Working with groups like ArtLink, Jones is fully aware of the fears of gentrification in Phoenix. The important thing, he says, is to combat gentrification with legislation that will prevent it. Currently, there are a few concrete programs already in place in Phoenix to support artists. The Downtown Artist Storefront program gives building owners downtown grants to work with artists to turn their storefronts into works of public art. The grant is given on the condition that the building is open to the public as an art gallery for a certain number of hours. Jones says more programs to support downtown residents are in the developmental stage

"The city is making a concerted effort to make affordable housing available to everyone," he says.

Jones says not losing sight of the larger picture of the arts community, which includes performance venues and museums, is also critical.
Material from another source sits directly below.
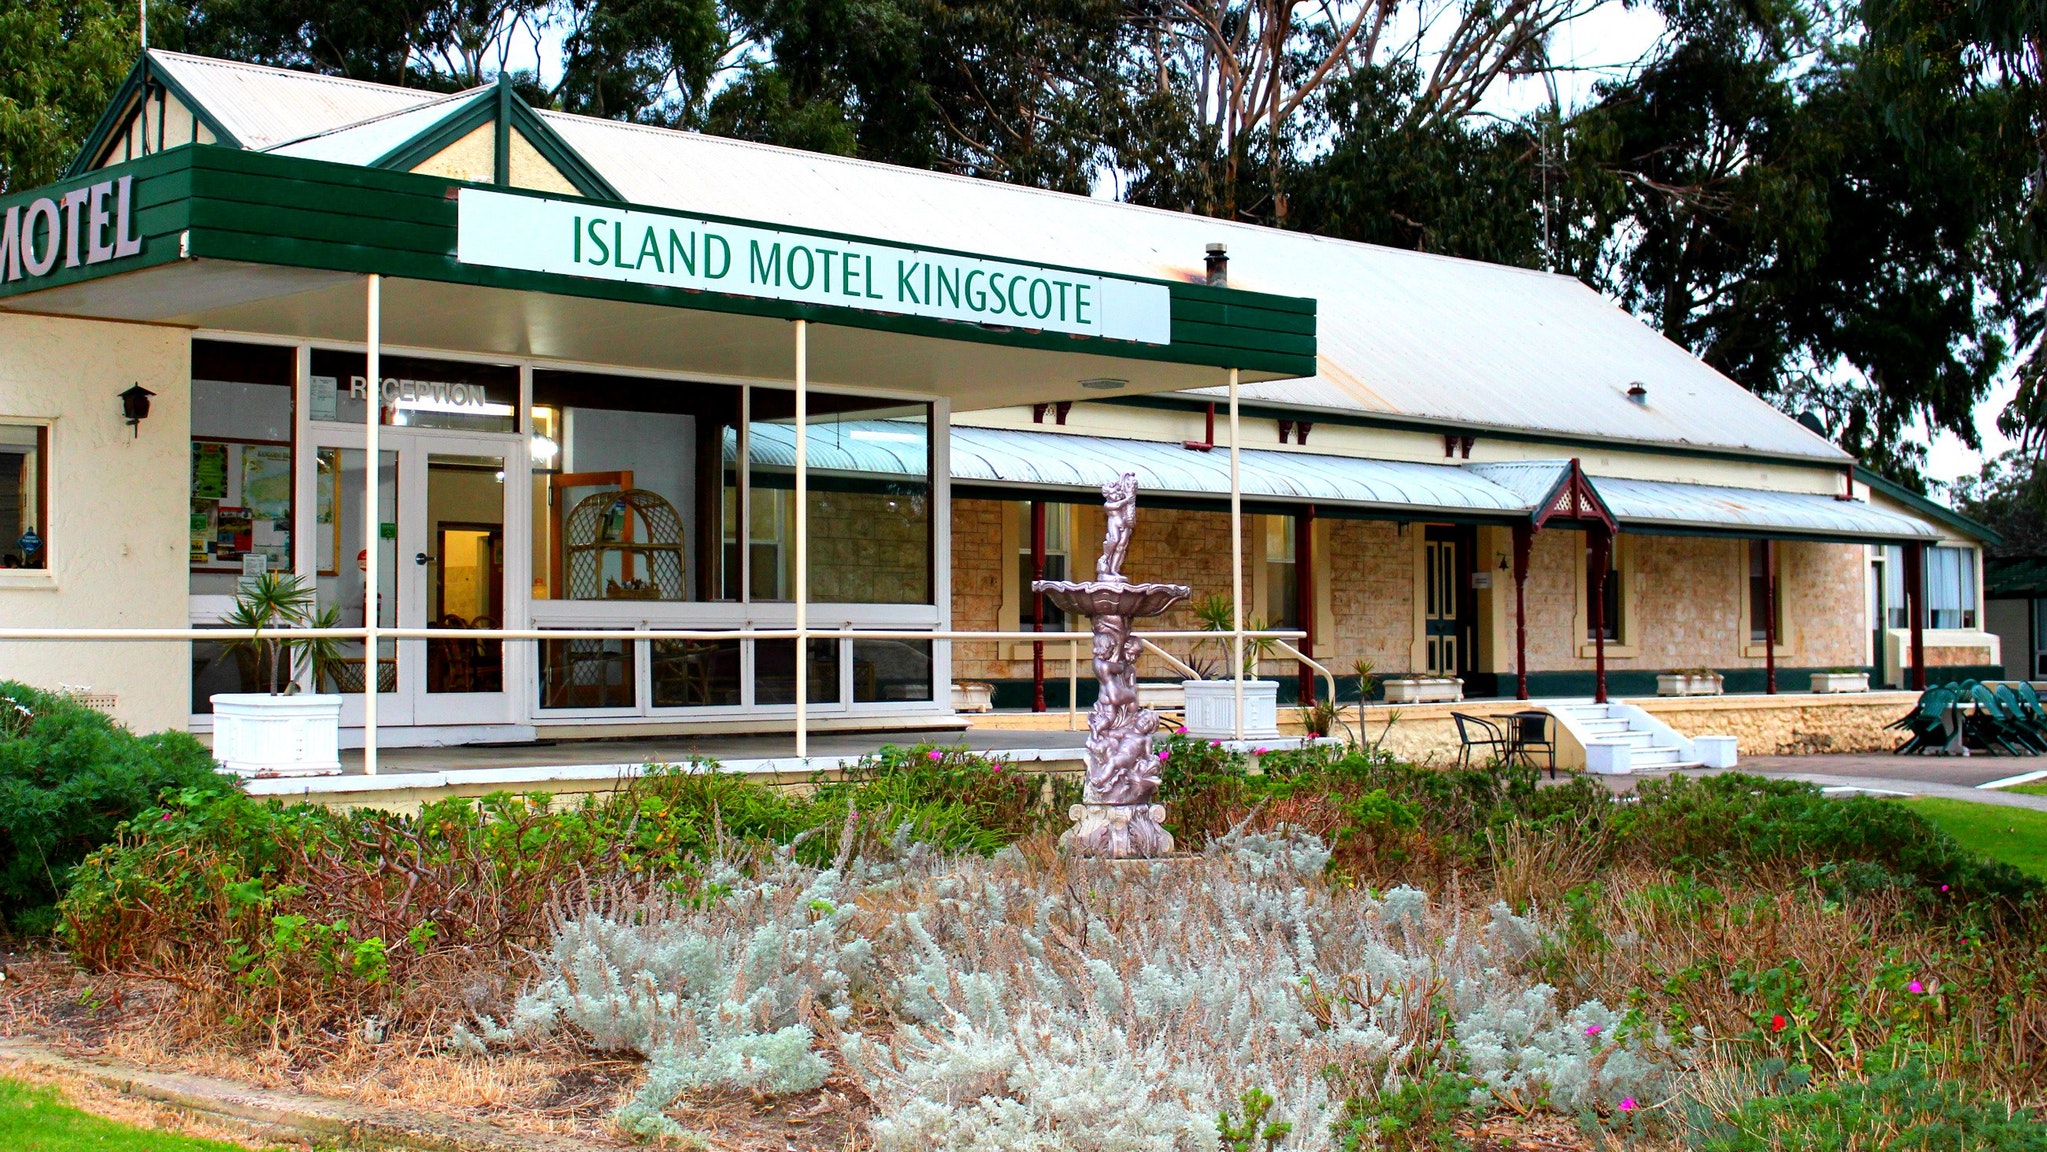 Island Motel Kingscote - Nambucca Heads Accommodation 5

Remembering all of those factors helps focus on the government's supporting role in developing culture, he says. Jones says he works with people like 23 and Boyer in groups like Downtown Voices and the Downtown Phoenix Artists' Coalition, in addition to other city agencies, to explore options like rent control and zoning overlays. While the solutions aren't clear, it isn't from any lack of effort on the city's part, says Jones.
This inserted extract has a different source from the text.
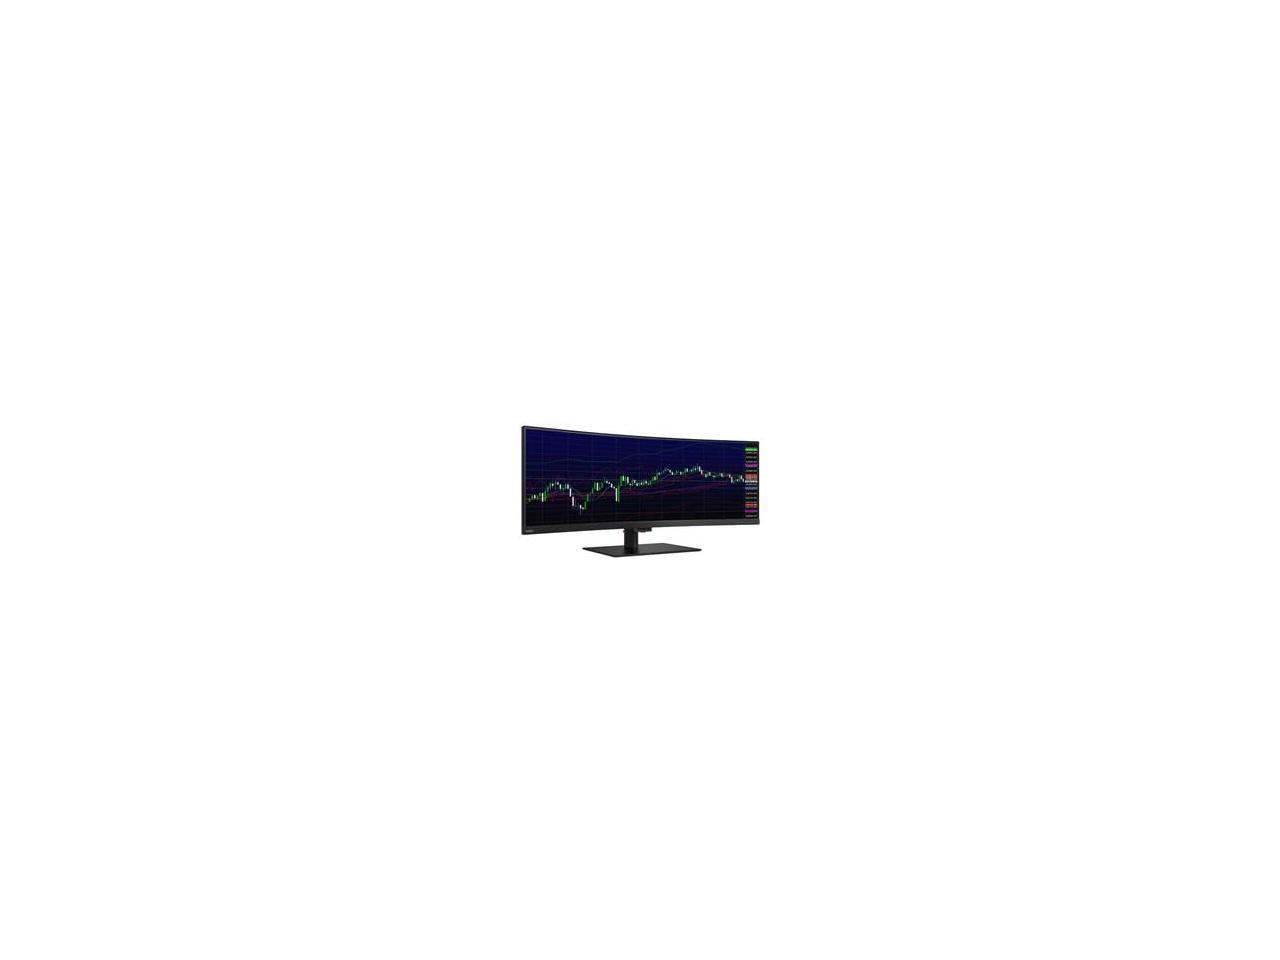 Lenovo ThinkVision P44w-10 43.4" WQUXGA WLED LCD Monitor - 32:10 - Raven Black - 61D5RAR1US

"We're doing everything we can to make sure the arts stay a part of Phoenix," he says.

Kimber Lanning

Just a few blocks east of ASU's Tempe campus, Kimber Lanning stands behind the counter at Stinkweeds Record Exchange like she's manning the helm of a ship. In between chatting with customers, taking calls from artists and filling out paperwork, she manages to talk about her other love, Phoenix gallery and performance venue Modified Arts. Lanning is the owner of both.

"I saw that we had a great community of artists with no avenue to express themselves," she says. "I always believe in doing something, not sitting on the couch or moving somewhere else."
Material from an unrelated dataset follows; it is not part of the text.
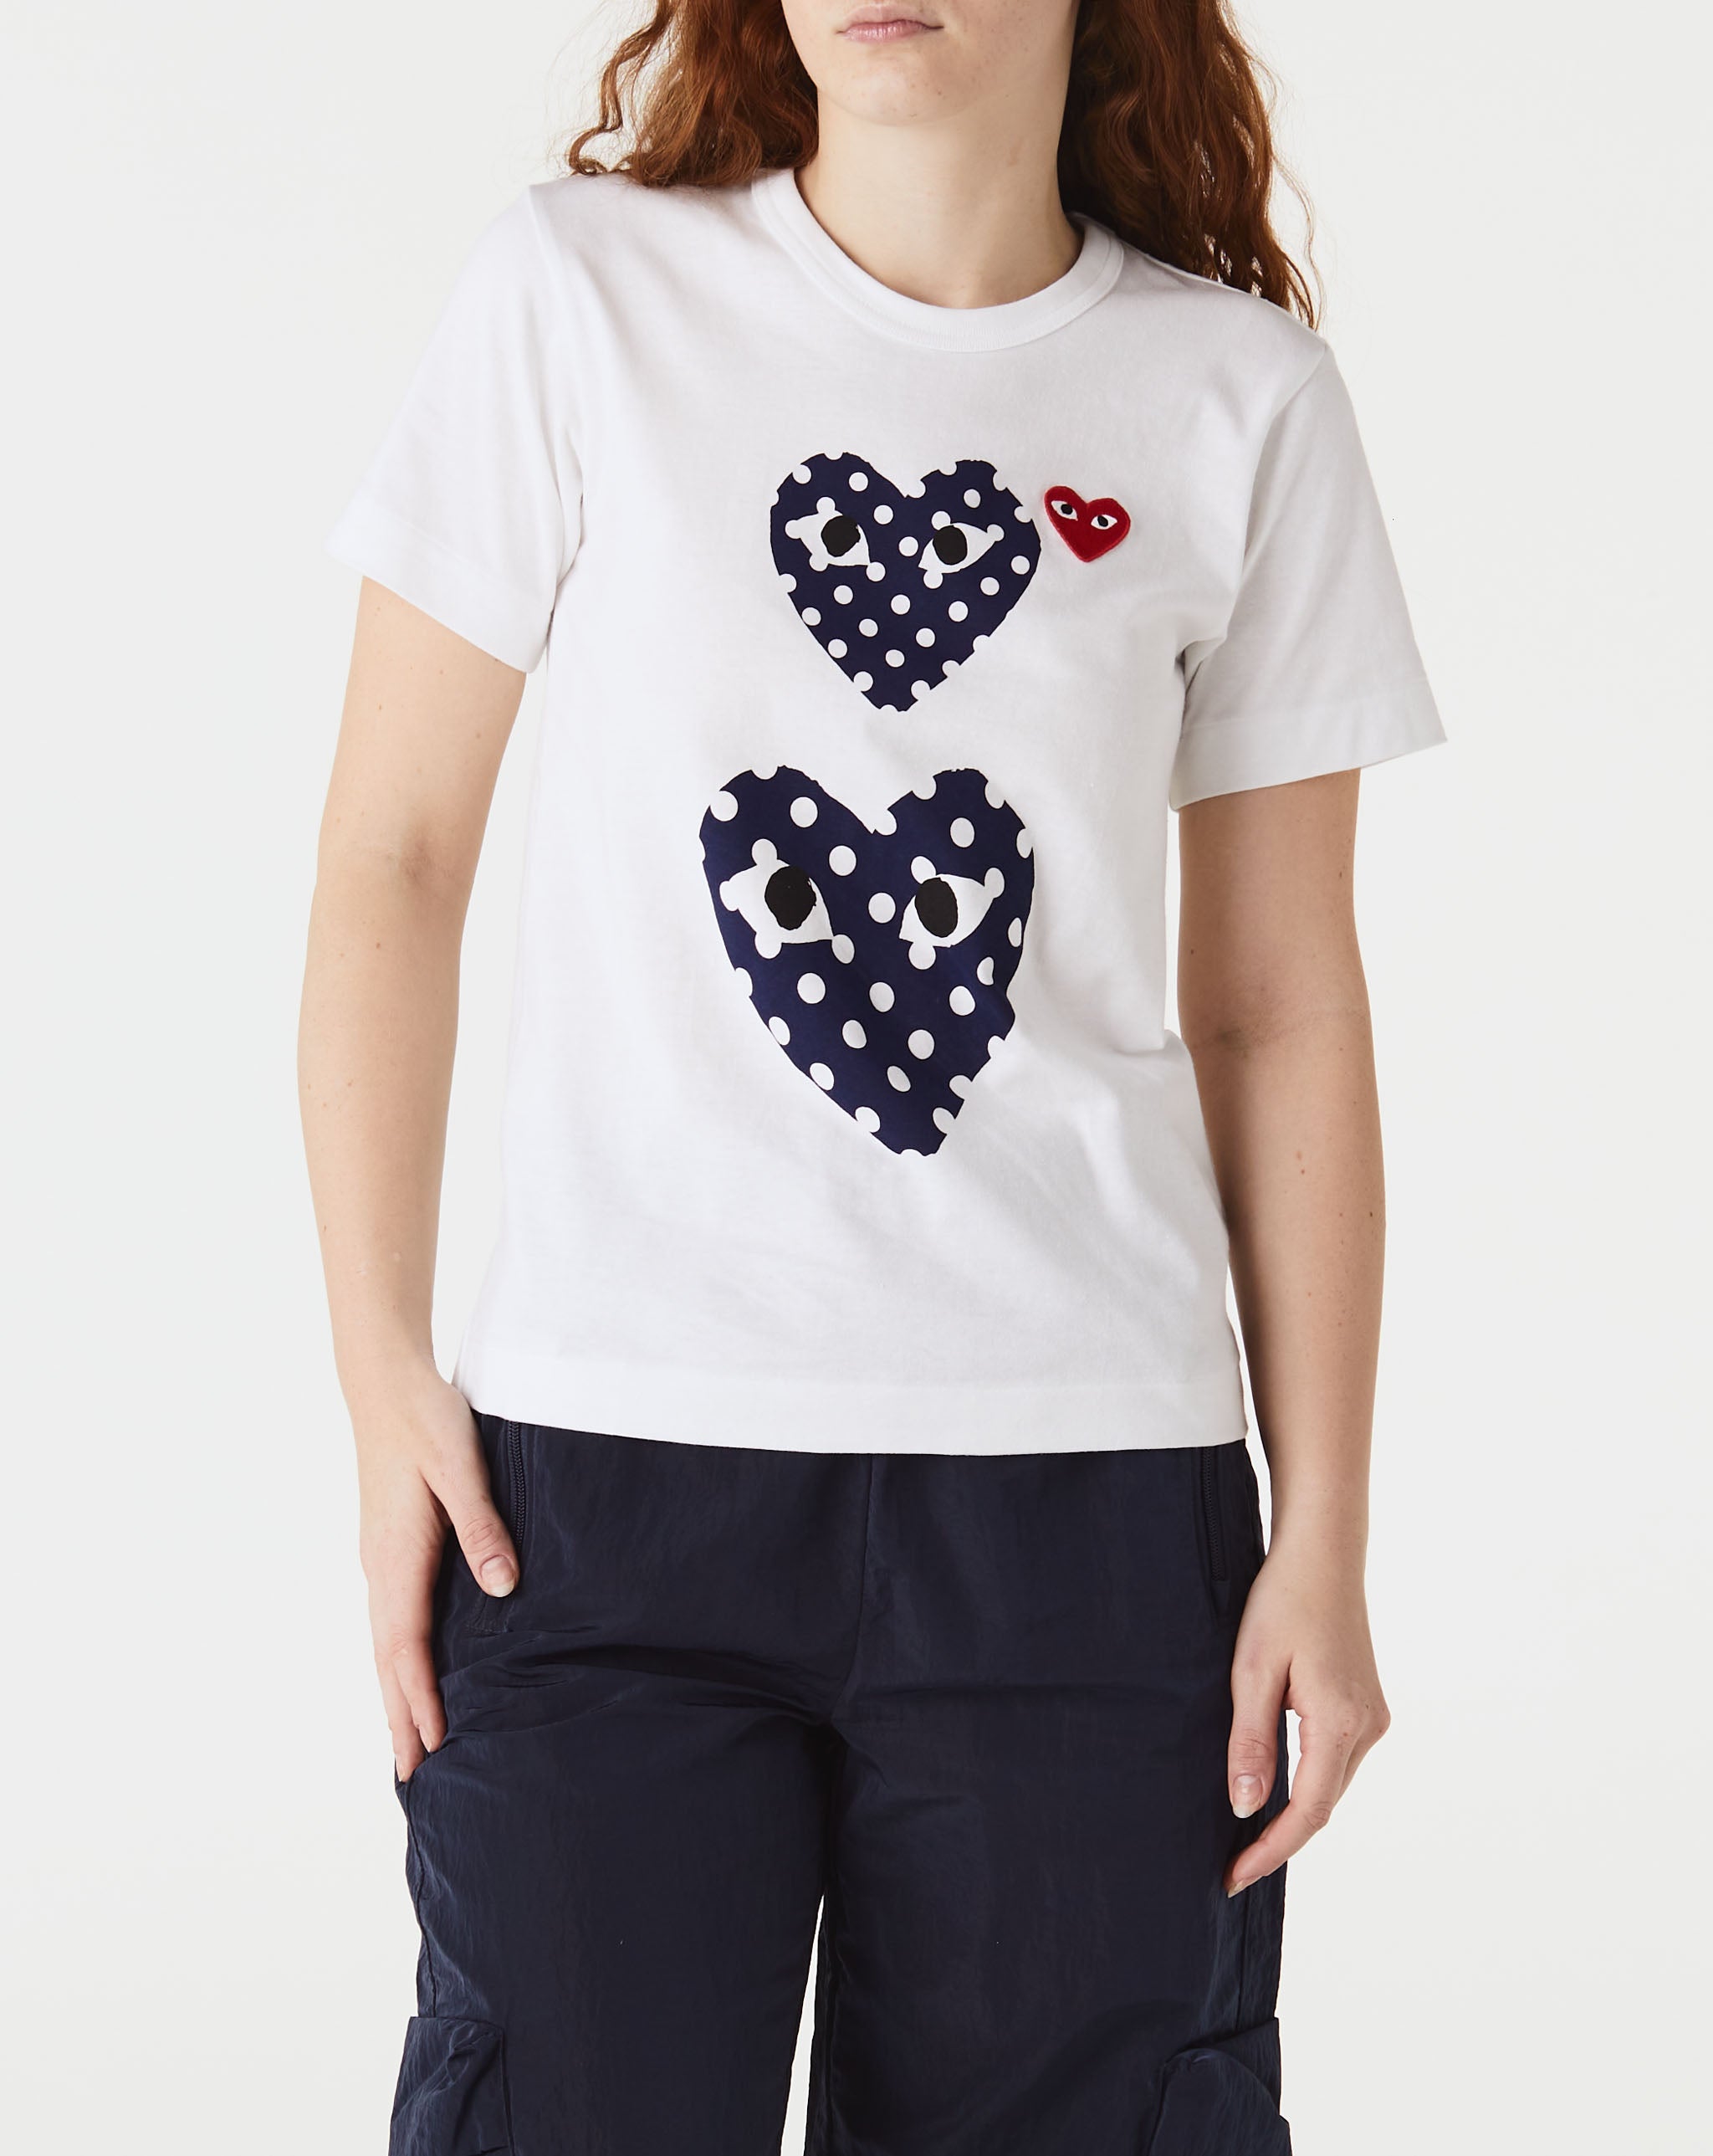 Womens Heart T-Shirt Women's Double Polka Dot Heart T-Shirt  - Cheap Erlebniswelt-fliegenfischen Jordan outlet

Lanning got off her couch in 1987, when she dropped out of the architecture school at ASU to work on Stinkweeds full time, and hasn't looked back since. Stinkweeds has gone from a store offering 16 CDs and Lanning's personal record collection to become a place for band performances and displays of local artists. Still, Lanning wanted to do more and, in 1999, she became the owner of Modified Arts on the corner of Third and Roosevelt streets in Phoenix. Lanning opened the building with a group of volunteers to help her run it, a practice she continues today with a staff of six. The venture has been successful enough to stay open, but is not a source of profit.

"Modified was always intended to be a community resource," Lanning says. "Not a business opportunity."

With the increased attendance at First Friday in the past six months, Lanning says she has actually seen sales go down.

"First Friday has essentially gone from a great community art walk to a block party," she says. "It's hard to focus on showing people around your gallery when you have to keep asking people to stop shouting and tell them to take their 40s outside."

Lanning and a few other gallery owners have switched their gallery openings to the third Friday of every month. While that may provide relief from undesirable crowds, Lanning is unsure of how to avoid what she sees as an inescapable reality -- that of gentrification.

"Artists come in and fix up a part of town that no one else finds value in," she says. "And then they are forced to leave as businesses move in."

Lanning expects an additional challenge from the expansion of ASU to its Downtown campus, a part of the New American University plan proposed by ASU President Michael Crow. Modified Arts sits right by the proposed location and Lanning says she has seen property bought up all around her, and has no intention of leaving.

"I'm going to stay and fight," she says. "There's an organic aspect to the way things developed here, and I think you'd lose that if you just relocated everyone and tried to force something like this. And I think that's important."